Inside the motor show car was black leather for the seats. On the tailgate there was a black ‘Autobiography’ vinyl script which had actually been created by a group of Land Rover managers writing the name freehand before the chosen one was handed over to their graphic designers for further refining.

Production complexity issues involving a one-off paint colour or fitting bespoke leather seats were avoided by building the car as a mainline vehicle before handing it over to Land Rover Special Vehicles. From here the vehicles were partially dismantled in preparation to be repainted in the chosen colour by a specialist sub-contractor based in Coventry. For those vehicles specified with bespoke colour leather seats, their seats were removed and sent away to another sub-contractor, namely Anderson and Ryan based in Coventry, to be re-trimmed. Once completed Land Rover Special Vehicles (LRSV) then refitted them. LRSV would also fit the alternative ‘Autobiography’ monogrammed wood trim offered as a separate option.

Onwards and upwards

The arrival of the second-generation (P38A) Range Rover in September 1994 would signal the next chapter in the Autobiography programme where further personalising opportunities would be offered. At the same time there was the need to incorporate some discipline into the programme in order to reduce some of the associated build complexities. That meant a palette of 22 exterior paint colours and 25 leather colours for the interior to try and guide buyers – of course, if you still wanted something truly bespoke, then Land Rover Special Vehicles would happily oblige.

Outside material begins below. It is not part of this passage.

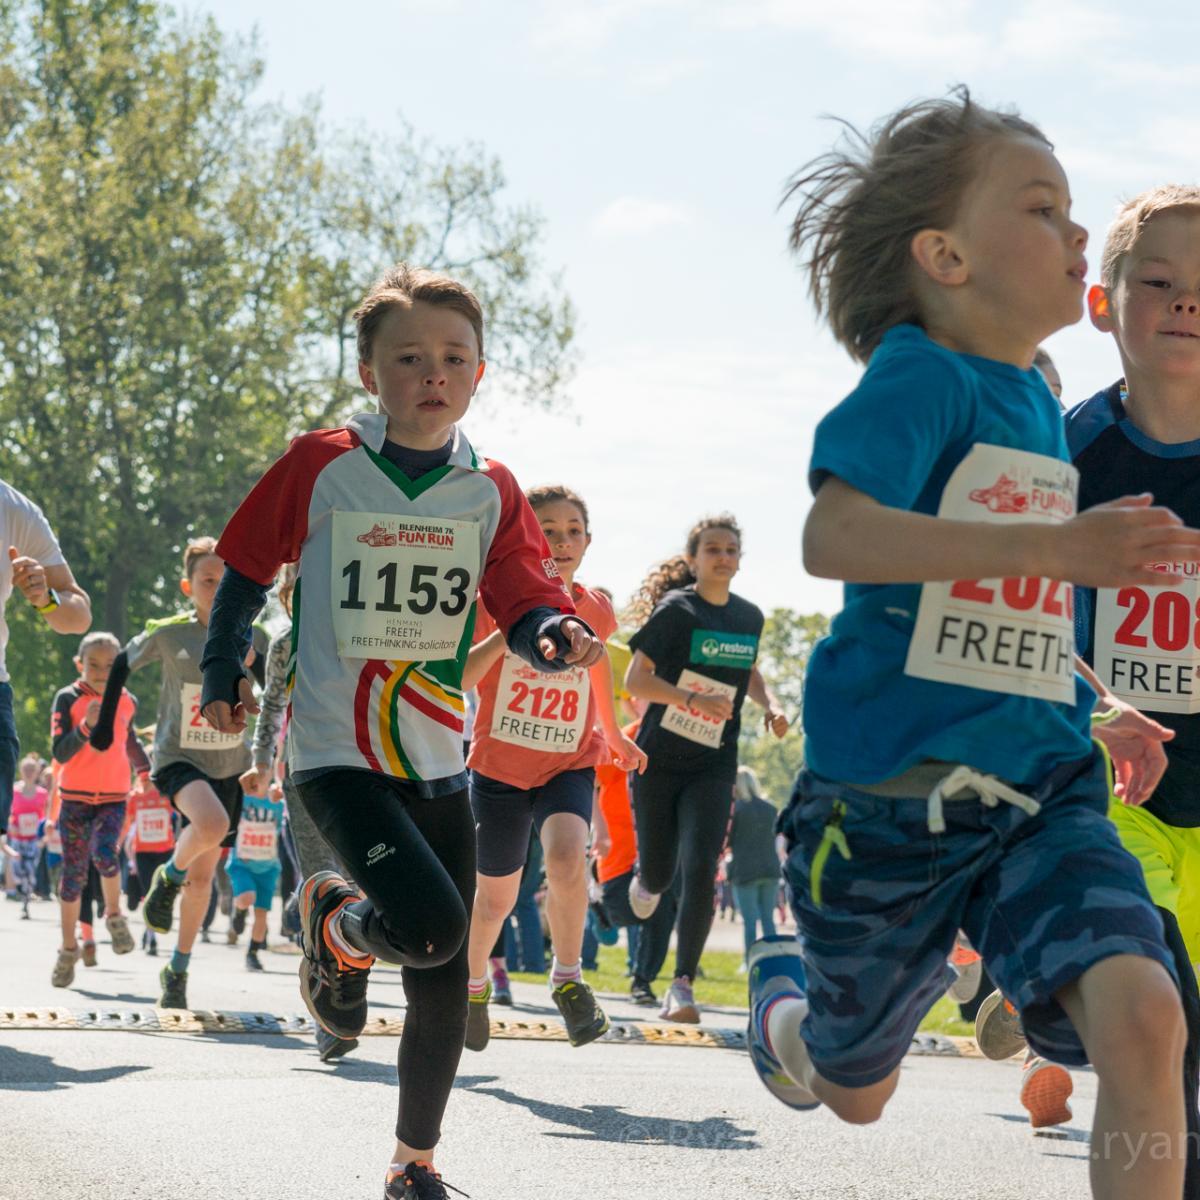 2021 Blenheim 7K Fun Run - Gallery Image 02

Do you fancy two contrasting colours of leather for the seat facings? In fact, why not have a third colour for the seat edge piping? Why not go further and extend the main contrasting colour choice to additional leather surfaces such as the door pulls, steering wheel rim, centre floor console, glove box lids and even the transmission and handbrake grips?

Did I hear you say that you want Superior or Deluxe levels of wood trim for the interior, including folding picnic tables for rear seat passengers and even a choice of different types of wood? But, of course!  And did you select to have the radiator grille and alloy wheel spokes colour match the painted body styling enhancement pack? Not a problem…

Technology also now figured in the Autobiography programme.  For rear seat passengers there was a TV screen mounted in the rear of each front seat head restraint linked to either a VHS cassette player or DVD player. Meanwhile, the driver could have a Philips CARiN satellite navigation system which also had terrestrial television capability when the vehicle was stationary. And so the personalising opportunities went on. Only a Rolls Royce or a Bentley could offer more colour and trim permutations.

In many ways the P38A Range Rover represented the zenith of special colour and trim personalising opportunities available when compared to those offered on its predecessor and even more recent generations of Range Rover. Tick all the options boxes on the Autobiography Order Form and it was possible to select a P38A Range Rover costing in excess of £100,000 – in other words, double the new price of the regular spec 4.6 HSE/Vogue on which it was based. And some owners certainly did that, while many of the Autobiography programme’s initiatives would also be used for some special edition models.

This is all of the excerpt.